I bought it and had it in for about a week. One night I hear a "boom" that
wakes me up. It sounded like a muffled shotgun. I walked into the living room
to discover[1] the halogen had blown up scattering little glass shards all
over the living room. I was not happy.

I went out and bought a cheap LED from Walmart[2] which seems pretty good and
turns on right away. I do wonder who is the actual supplier.

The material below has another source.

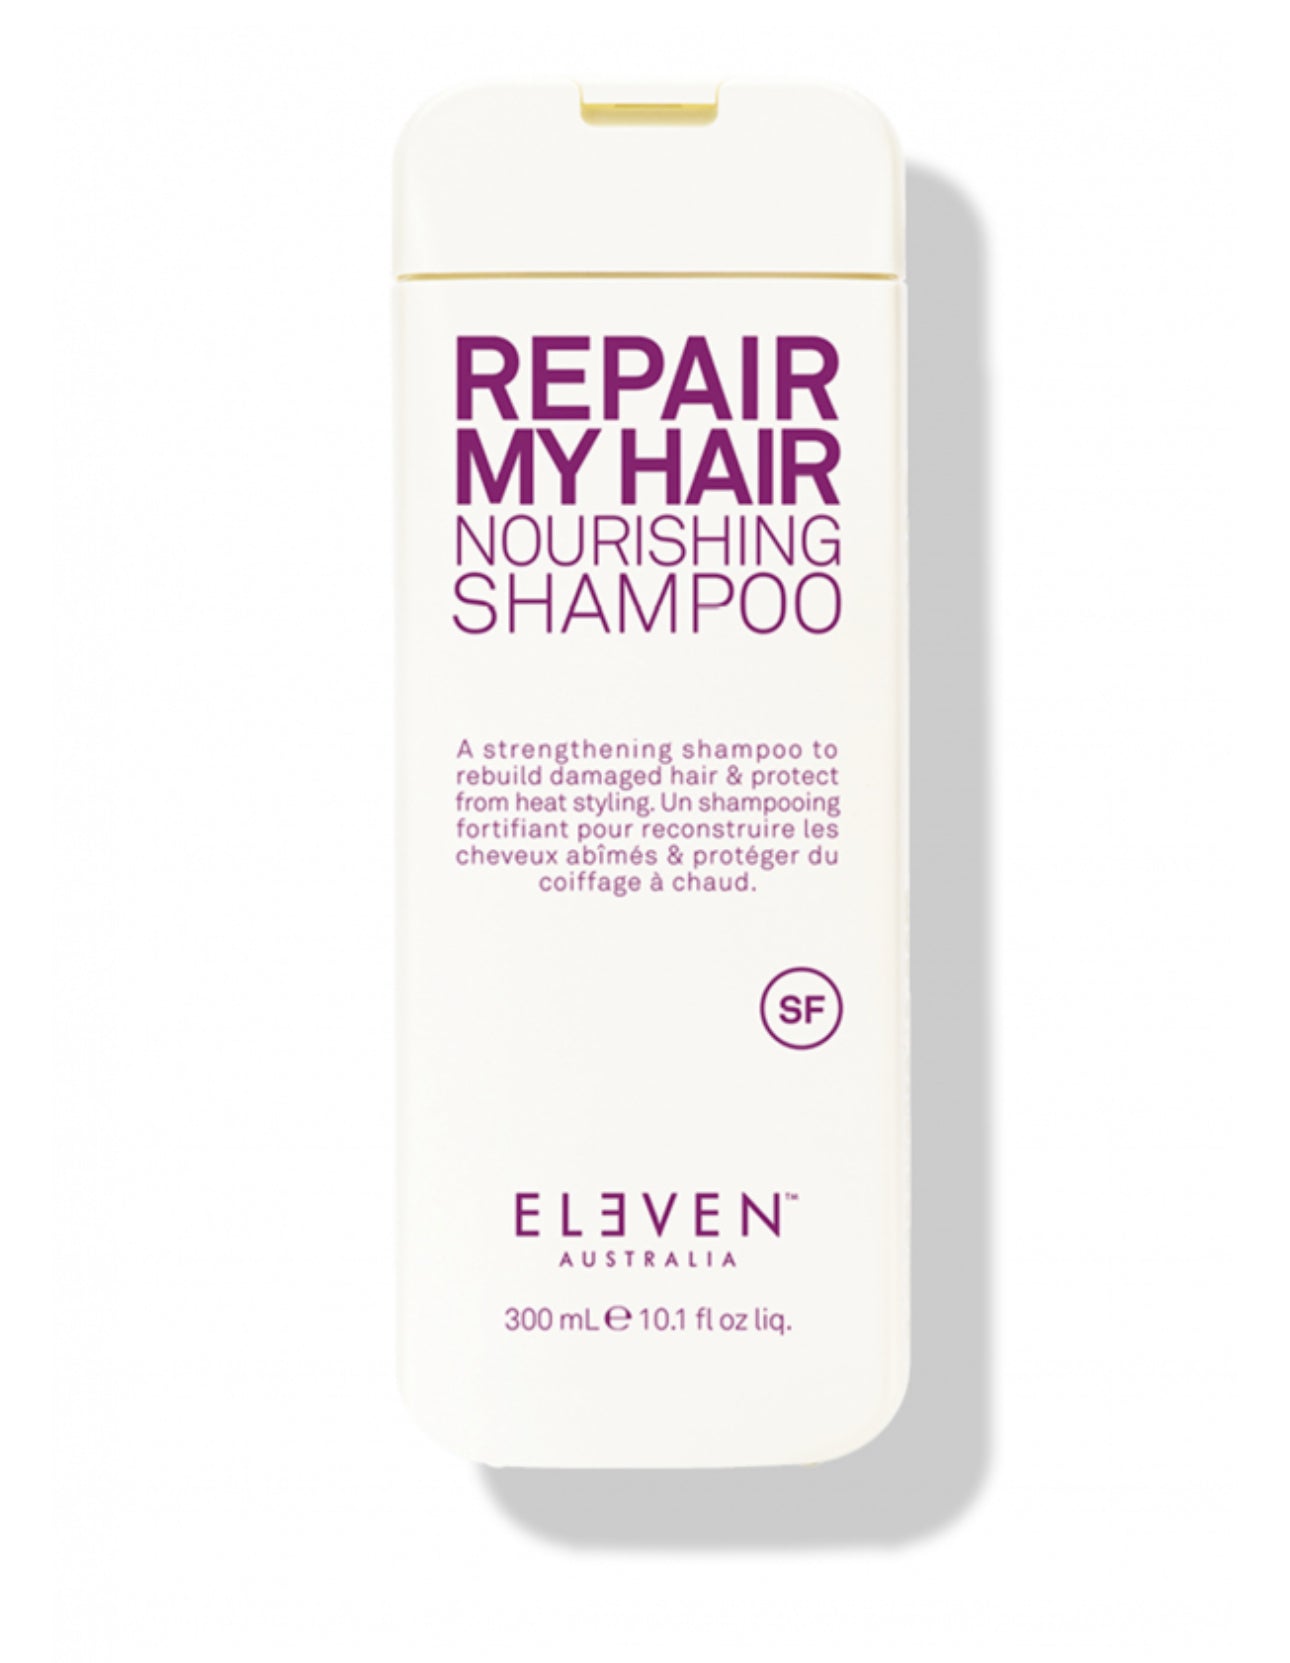 Eleven Australia repair my hair nourishing shampoo

No heat, bright,
and hasn't blown up.

We still have a couple of packs of incandescents at work because we use the
chicken coop method of heating a box outside during the winter.

1) well my foot discovered this which required first aid

2) [http://www.walmart.com/ip/Great-Value-GVRLA6027ND-Great-
Valu...](http://www.walmart.com/ip/Great-Value-GVRLA6027ND-Great-Value-LED-
Light-Bulb-8.5W-60W-Equivalent-A19-E26-Soft-White/40507614)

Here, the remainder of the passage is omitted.